Could you copy the records below exactly, keeping none of the images?

------------------------------------

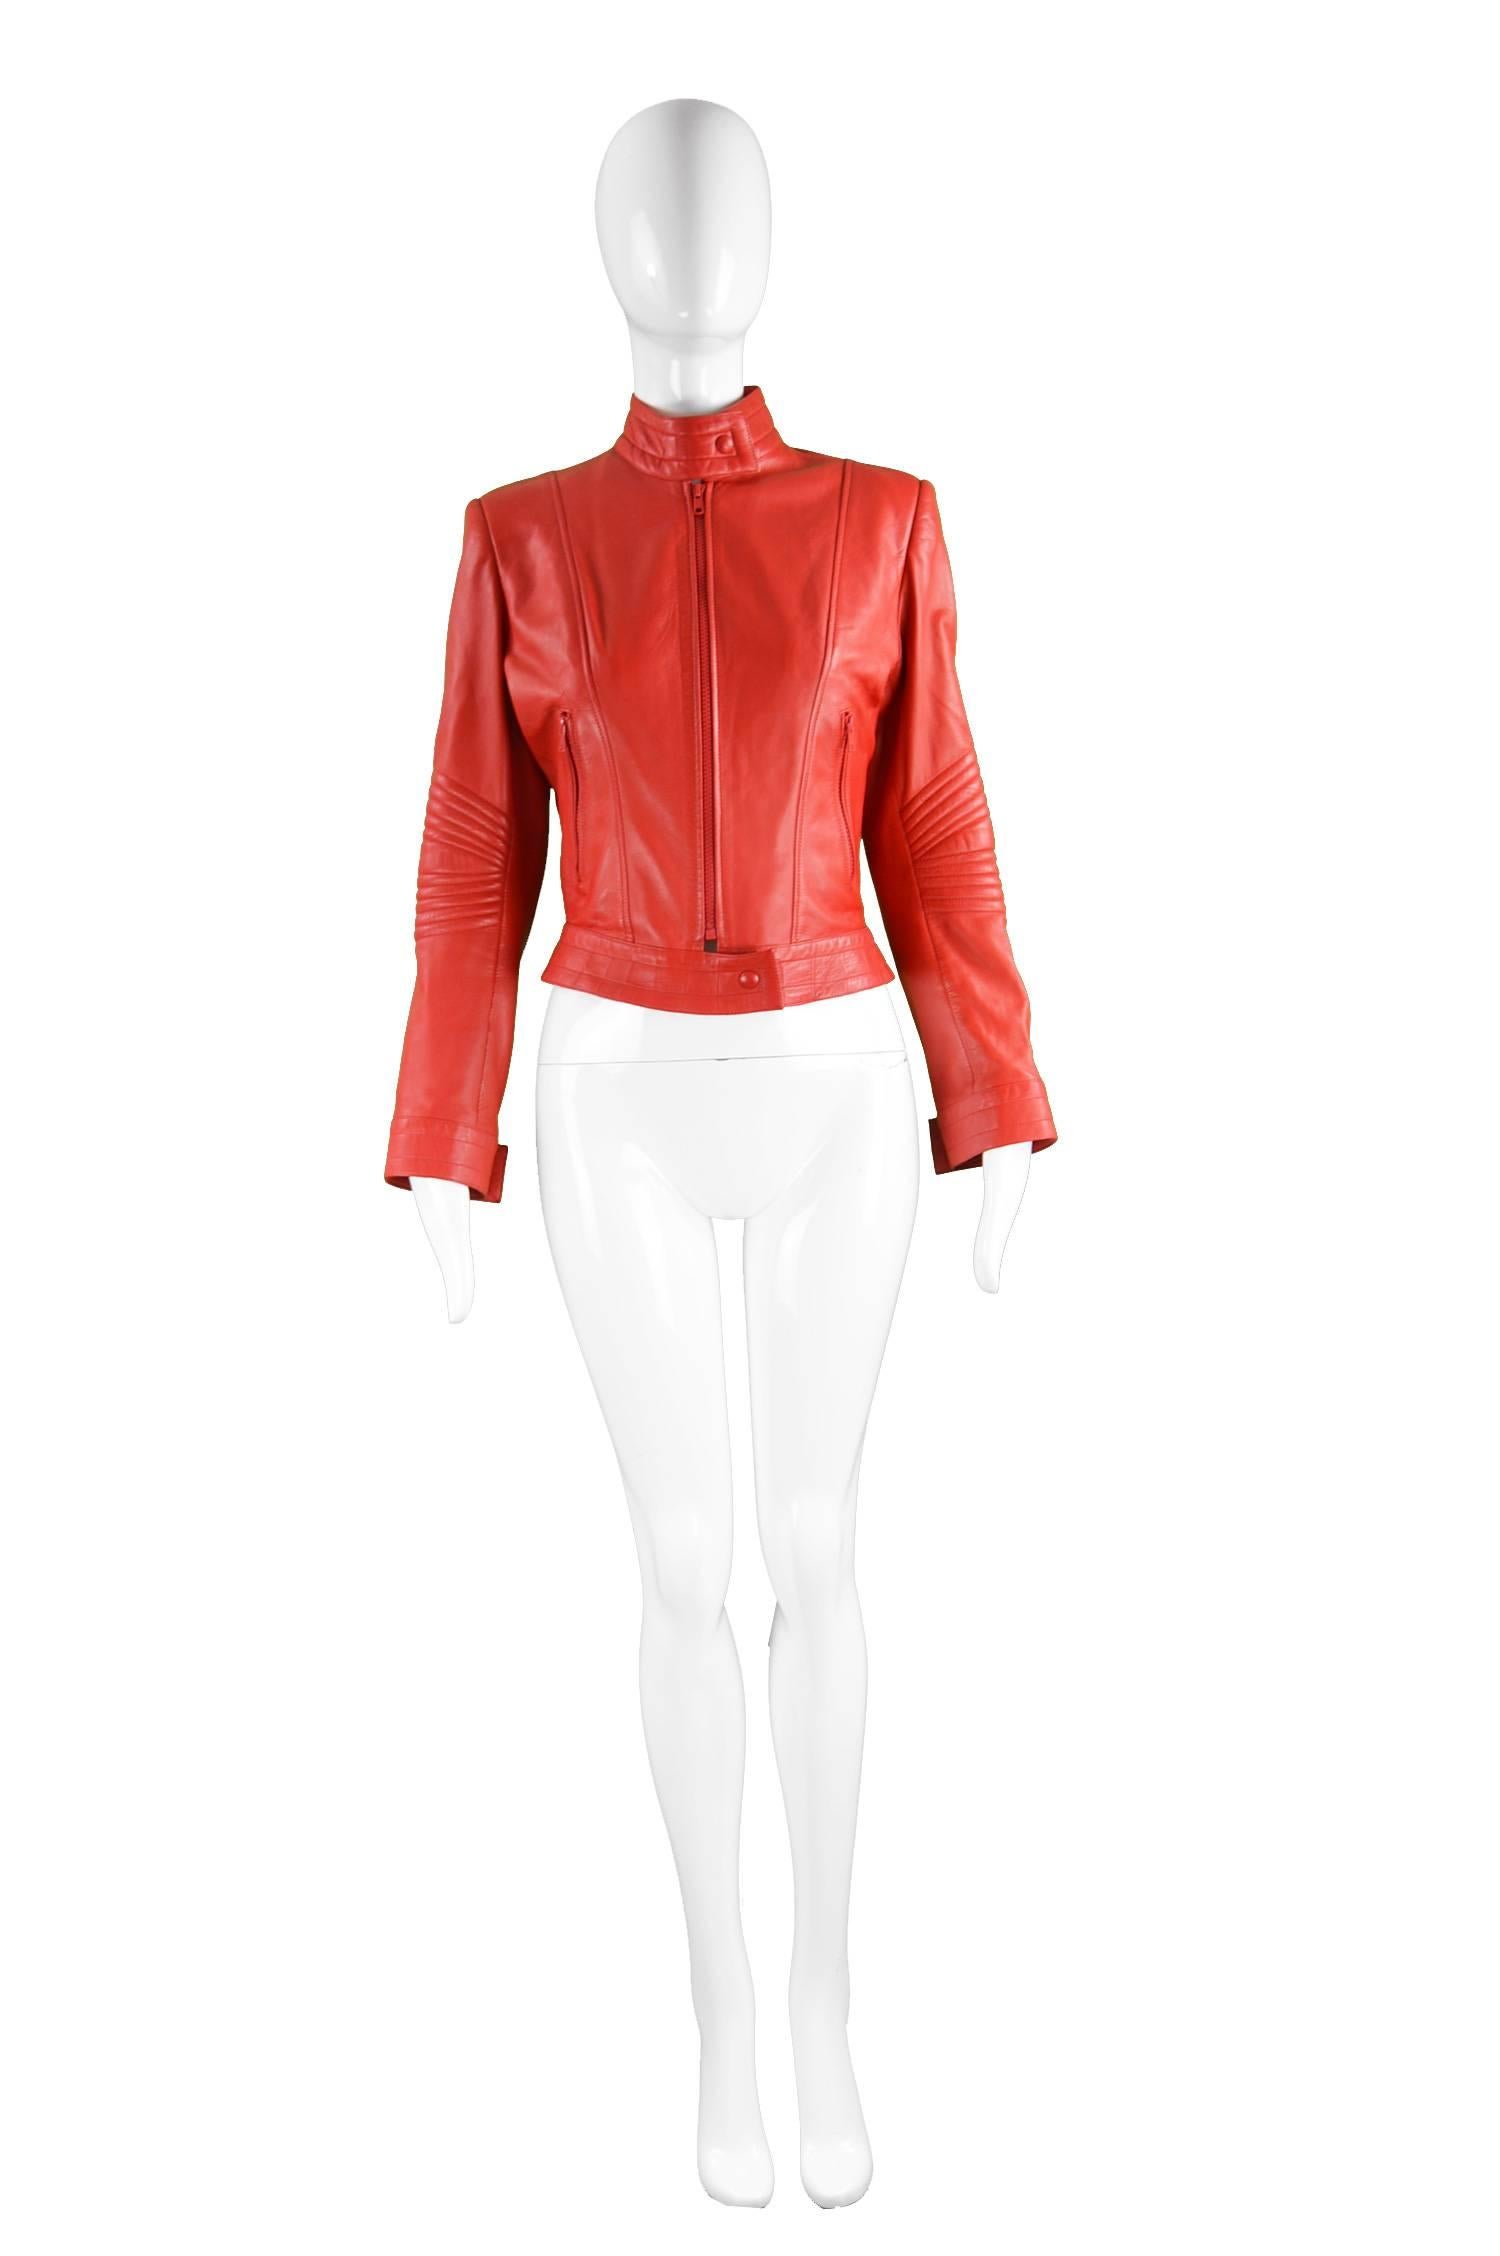 Jean Claude Jitrois Bright Red Café Racer Style Lambskin Leather Jacket 

Size: Marked 38 which is roughly a UK 10 / US 6. 
Bust - up to 38” / 96cm has a loose fit on bust like most leather jackets
Waist - 28” / 71cm
Length (Shoulder to Hem) - 19” /
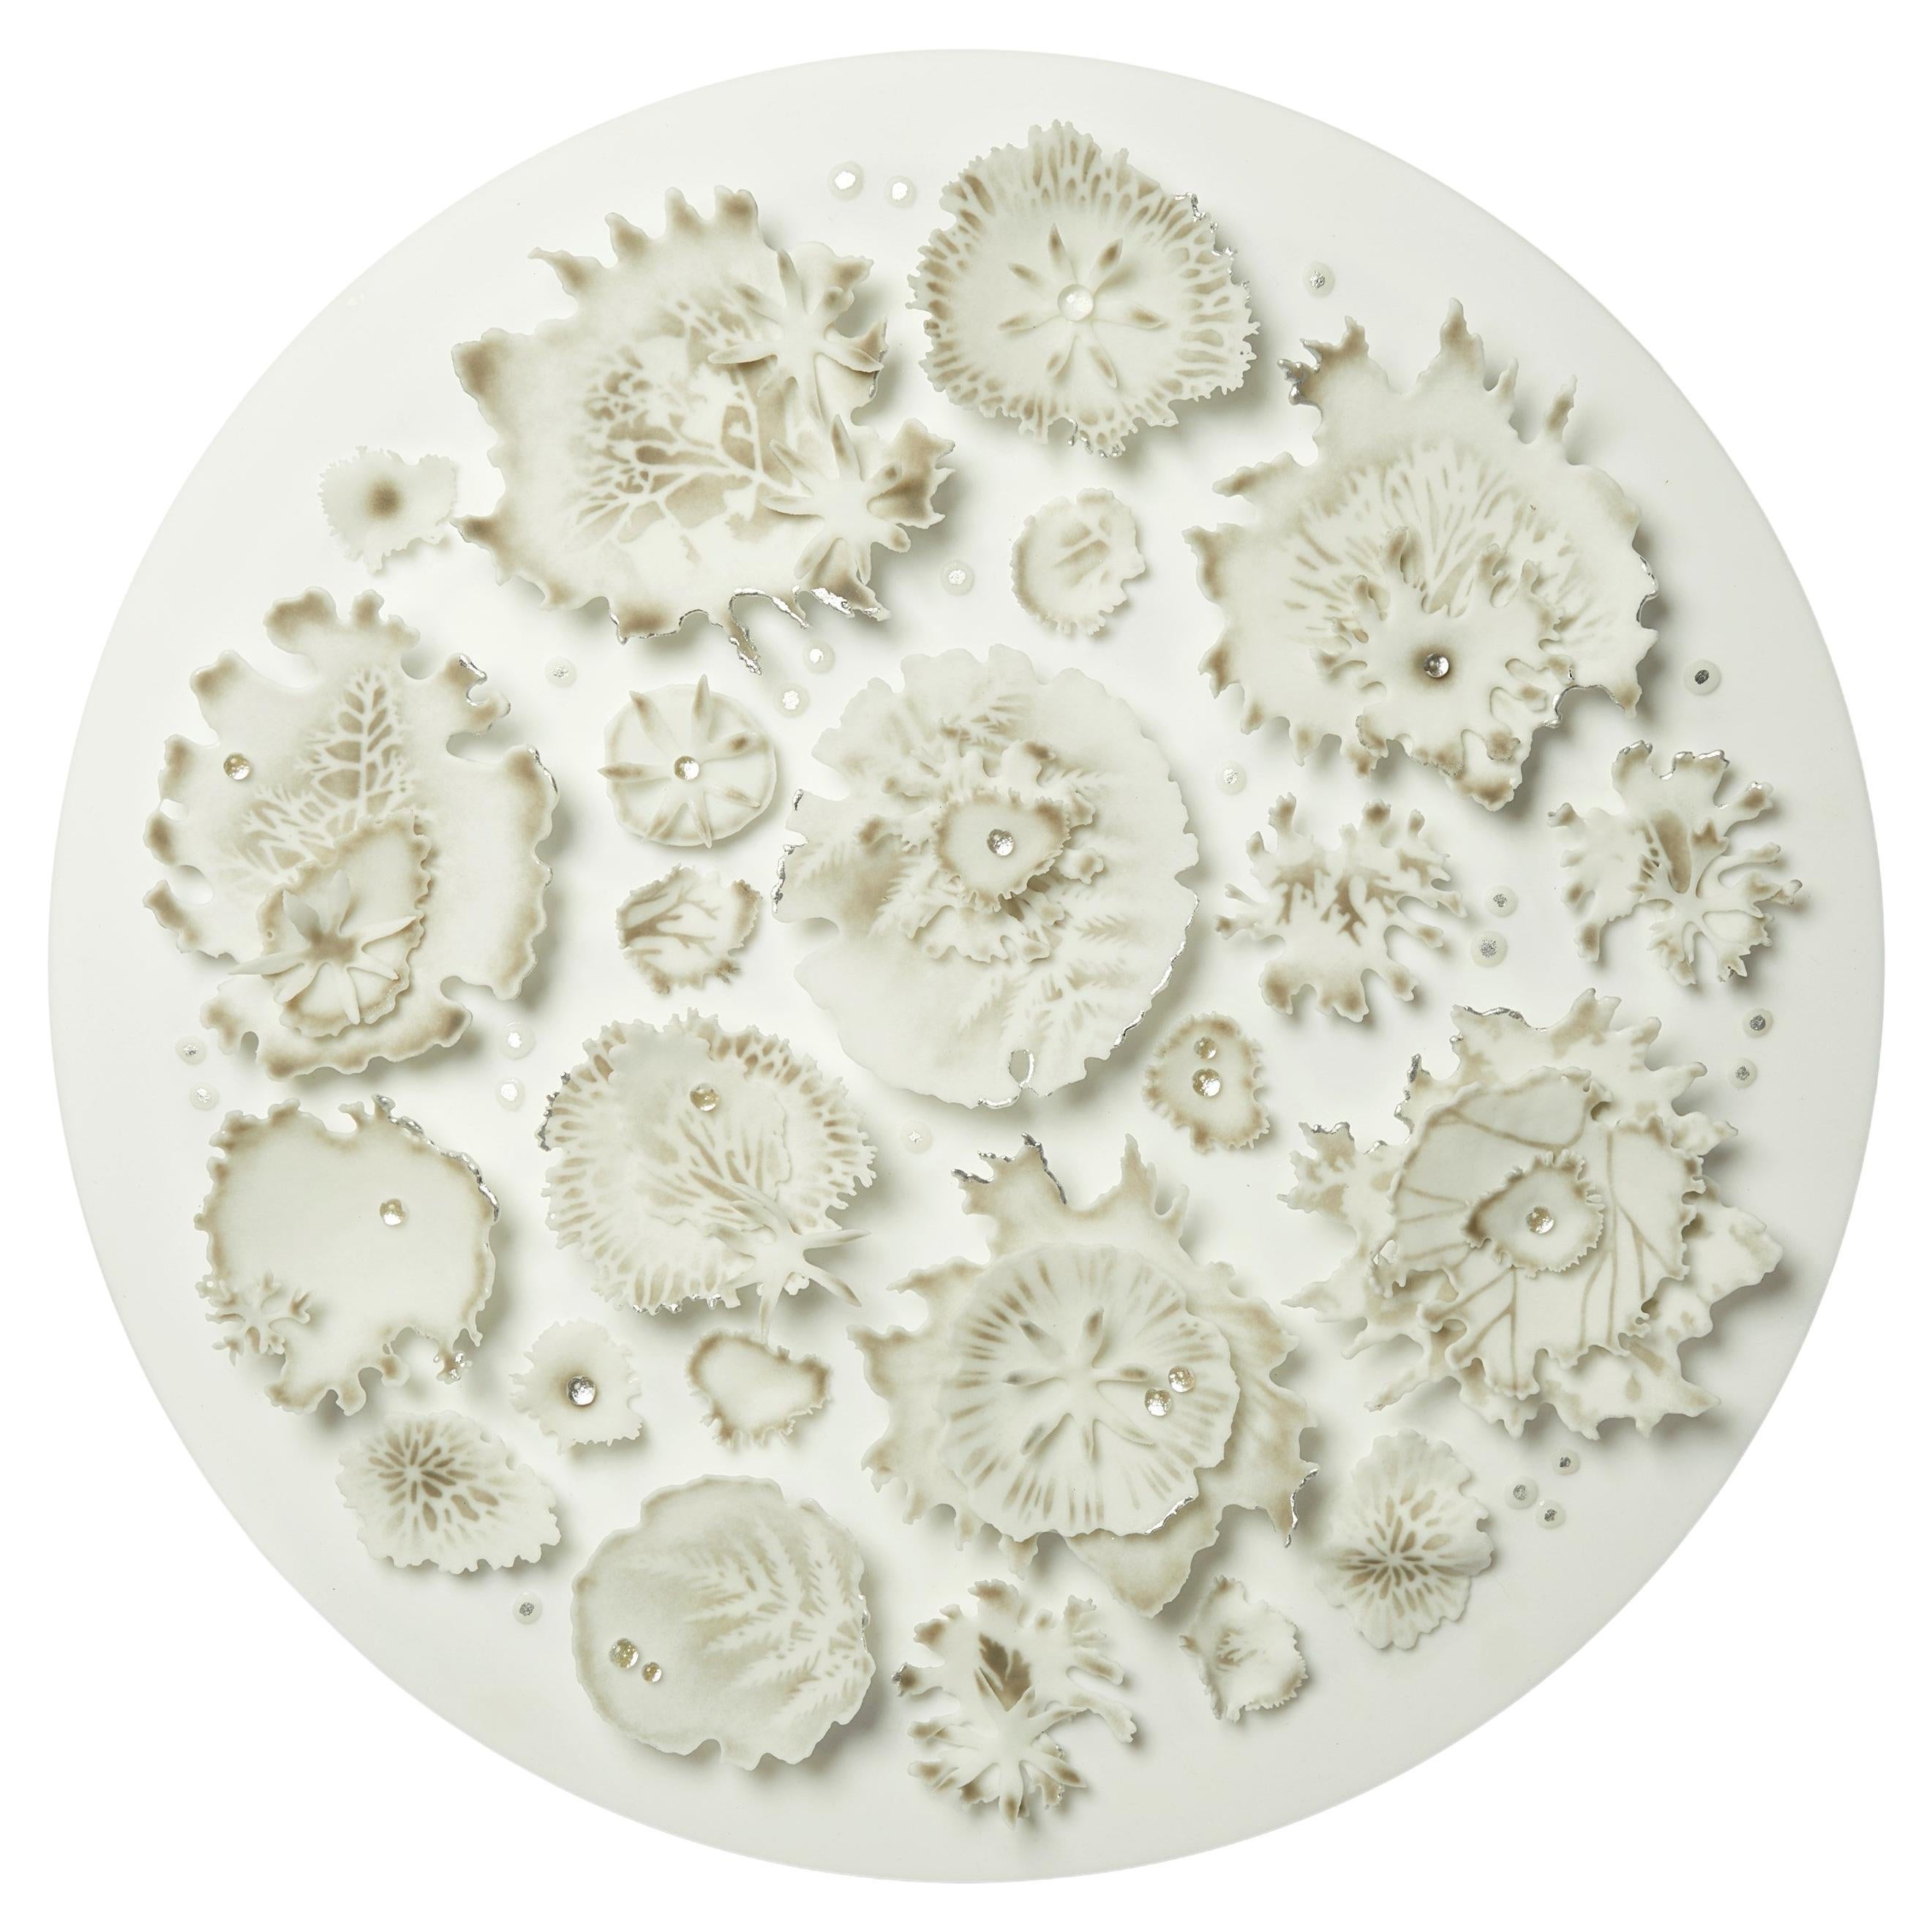 Dew, white round glass artwork with silver & bronze details by Verity Pulford

------------------------------------

▸ EXERCISE SOLUTION:
 Jean Claude Jitrois Bright Red Café Racer Style Lambskin Leather Jacket 

Size: Marked 38 which is roughly a UK 10 / US 6. 
Bust - up to 38” / 96cm has a loose fit on bust like most leather jackets
Waist - 28” / 71cm
Length (Shoulder to Hem) - 19” /
 Dew, white round glass artwork with silver & bronze details by Verity Pulford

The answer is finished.